Over the past 100 years, the size and composition of the world’s population has been transformed. Understanding patterns of intergenerational support is essential, particularly against the backdrop of changing family structures and global population ageing.
Three generations

Source: Volodymyr (Adobe Stock)

Over the past 100 years, the size and composition of the world’s population has been transformed. In 1930, the world was home to 2 billion people; on 21 January 1987 the world marked the birth of its 5 billionth citizen, taking 57 years to add 3 billon people; today (15 November 2022) the world population is estimated to reach 8 billion, taking just 35 years to add the next 3 billion.

The demographic forces behind this growth, i.e. increasing life expectancy followed later by a fall in birth rates, has also resulted in dramatic changes in the age structure of the population and in family structures. The timing of changes in deaths, then births, also results in population differences across the globe; the longer the delay in falling birth rates after death rates decline, the more rapid population growth. Demographers call this move from low life expectancy and high fertility, to high life expectancy and low fertility, the ‘demographic transition’.

Demographers have recognised for many years that as populations go through the demographic transition, kinship networks and associated systems of intergenerational support will change in both size and structure (Jian, 1995; Murphy, 2011). Improvements in infant and child mortality mean that more children survive to adulthood. Improvements in later age mortality mean that more adult children have surviving parents and grandparents, extending vertical kinship networks. In turn, falling fertility has meant that the size of generations is declining across cohorts. Whereas in the past a woman may have had five or six children, today she might only have one or two. Although these children stand a better chance of survival into adulthood than those in the past, there are, in general, smaller cohorts of adults of traditional working age available to support the growing number of elders. As well as fewer siblings, there are also fewer extended kin such as cousins, meaning that horizontal kinship networks are shrinking.

Intergenerational support as a driver of population change has received somewhat less attention and has at times been controversial. In 1976, in his seminal article on “wealth flows” theory, former IUSSP President ‘Jack’ Caldwell related demographic transition theory to changes in intergenerational transfers within the family. Caldwell argued that fertility would only fall in parts of sub-Sharan Africa when the flow of wealth from children to parents was reversed. His later work highlighted the key role of mass education through compulsory government programmes in achieving this (Caldwell, 1980). More recently, the notion of flows of support between the generations has again emerged as playing a critical role in fertility transitions – but this time in supporting higher fertility. For example, Miyazawa (2016) identified grandparental childcare as a key factor in household fertility production. A paper published this year in Genus reinforced this finding, with grandparental involvement positively associated with women’s labour force participation and fertility transitions (Rutigliano and Lozano, 2022).
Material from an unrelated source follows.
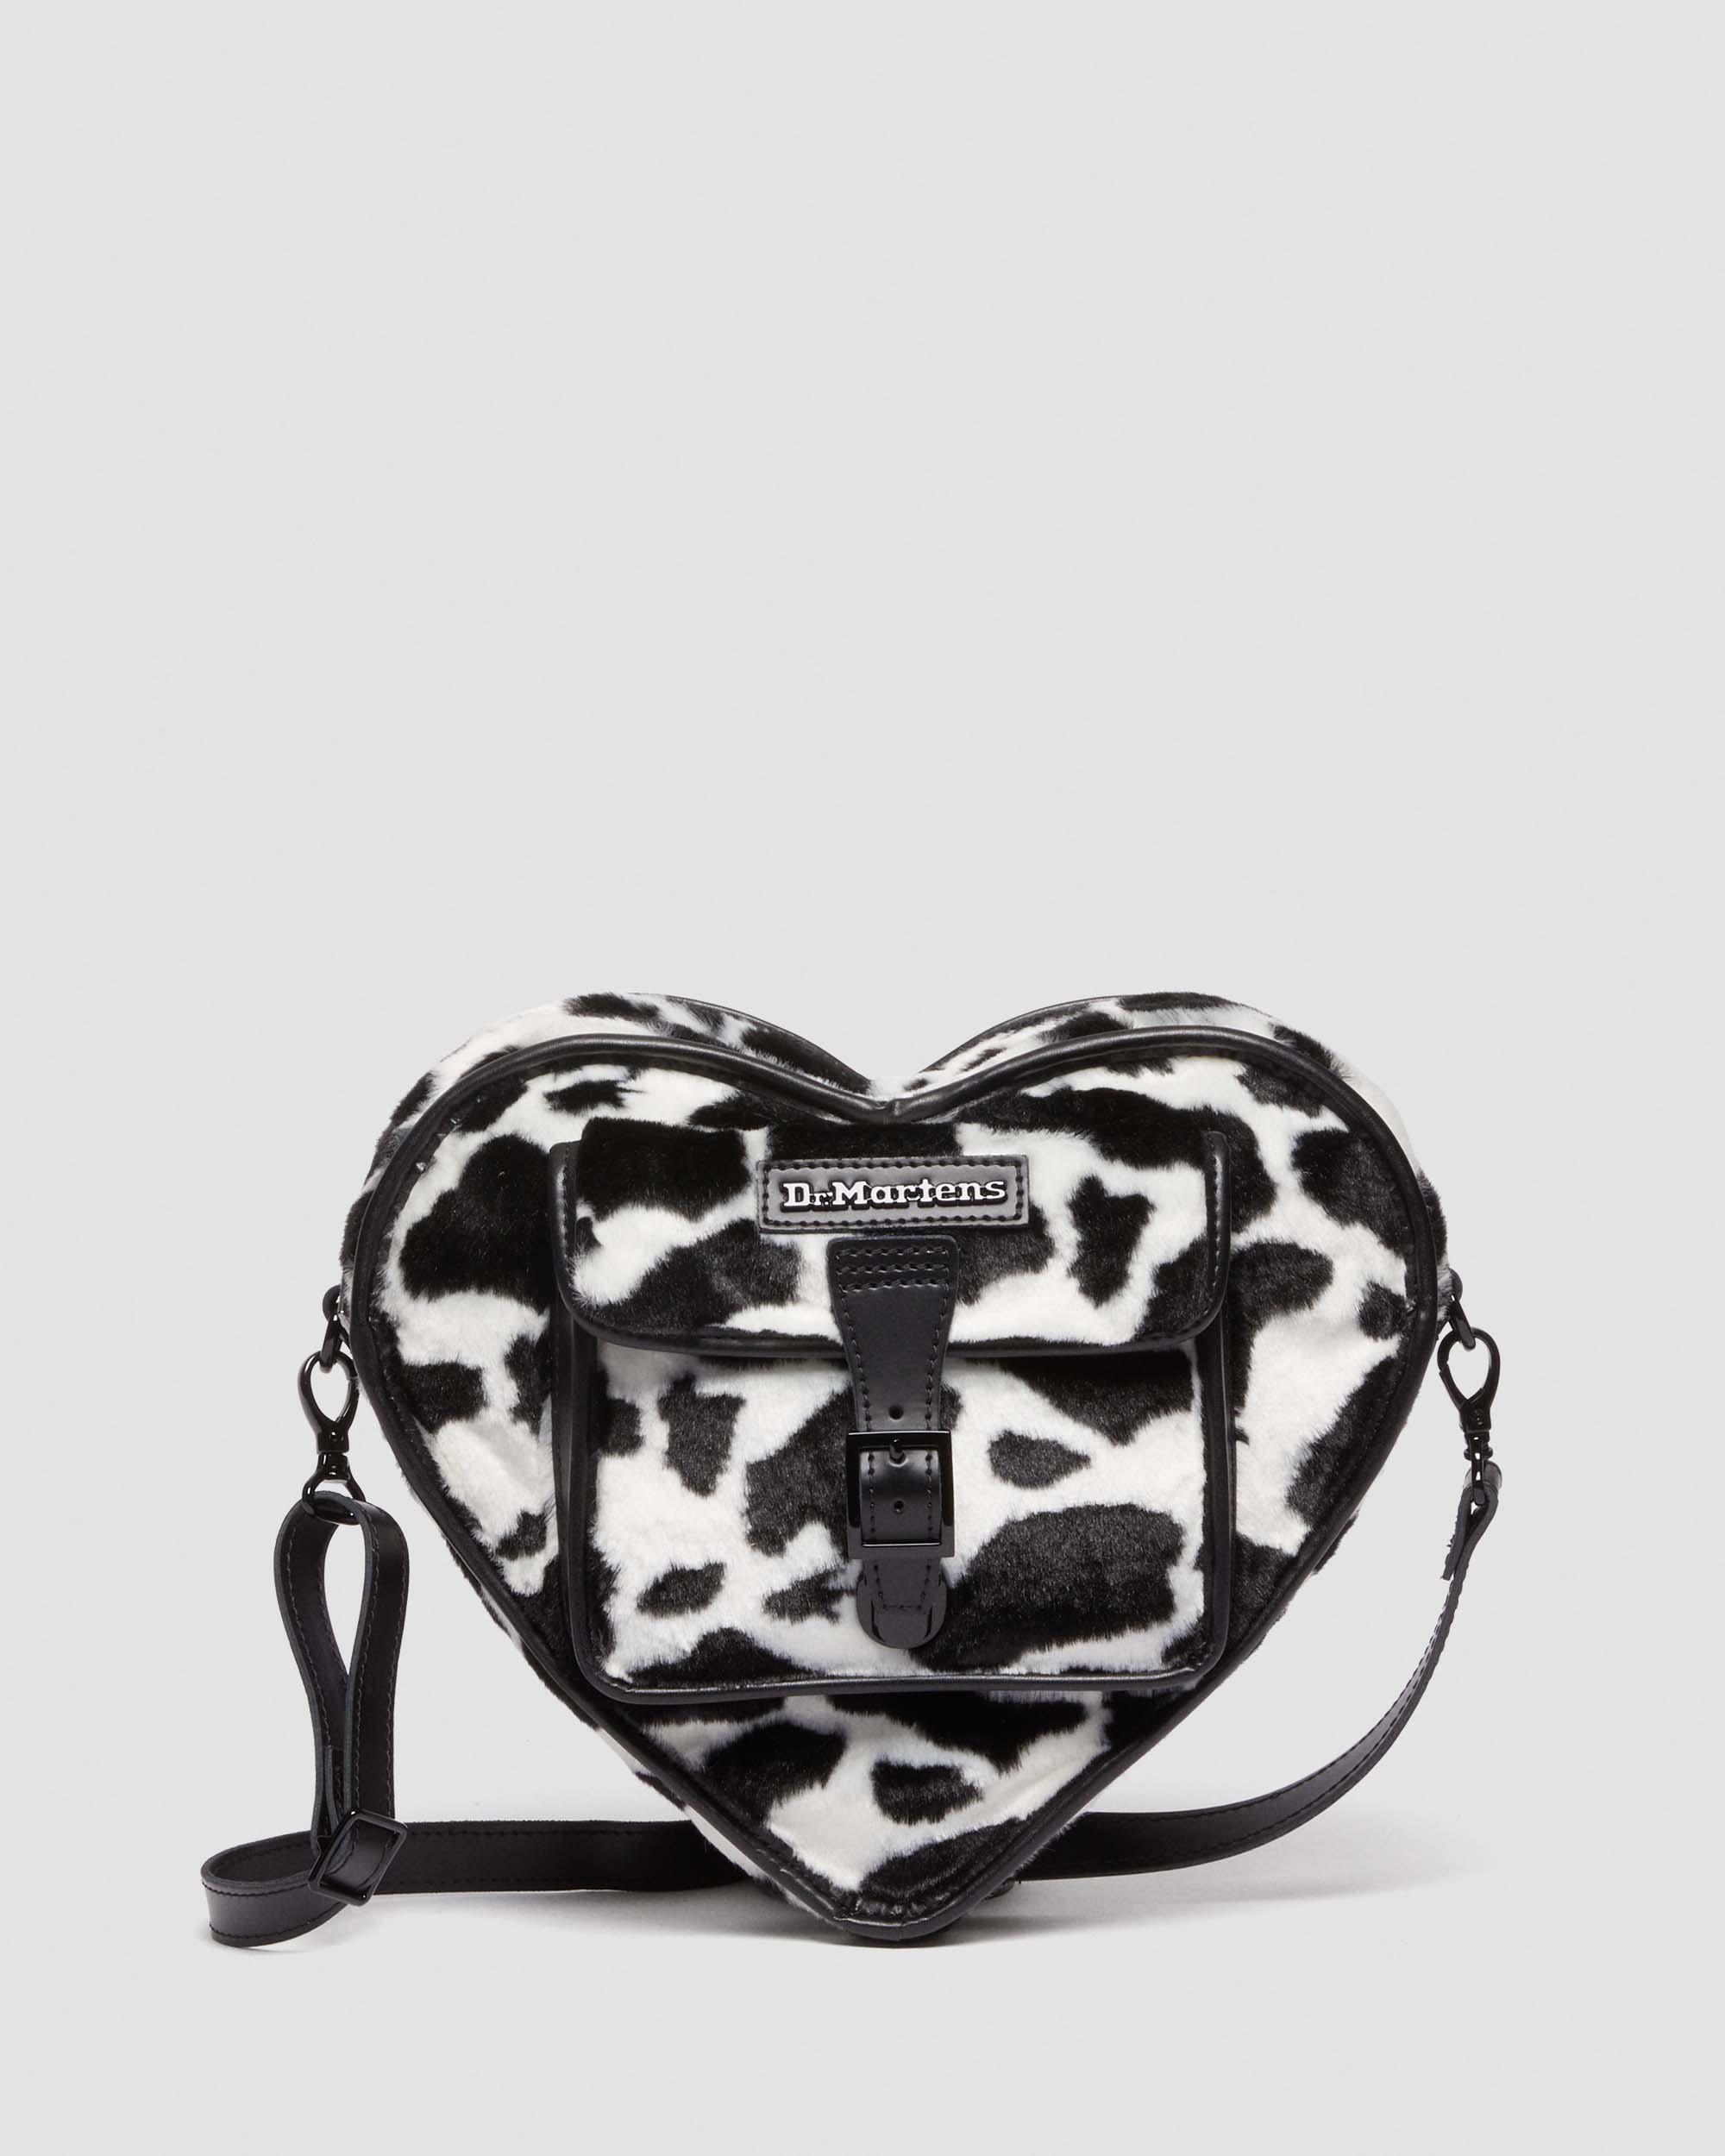 Black Dr Martens Heart Backpack Bags

Flows of support are complex and dynamic, with the receipt of parental help earlier in the life course influencing the likelihood of adult children reciprocating with support towards their parents later in life (Evandrou et al 2018). Thus, understanding patterns of intergenerational support is essential, particularly against the backdrop of changing family structures and global population ageing. So how might intergenerational support systems look in the future so that generations can work together?

  1. As vertical networks expand, individuals will spend a greater proportion of their life with three or more generations alive, first as children with grandparents and great grandparents and then in their own old age with grandchildren and great grandchildren. Moreover, as horizontal networks, e.g. siblings and cousins, shrink, the bonds between the generations may become tighter. Intergenerational flows of support that skip across one or even two generations - both downward and upward - will invariably become more common, e.g. grandparents contributing to education costs, grandchildren providing care, great-grandparents bequeathing the equity in their homes to great-grandchildren, missing out the middle two generations.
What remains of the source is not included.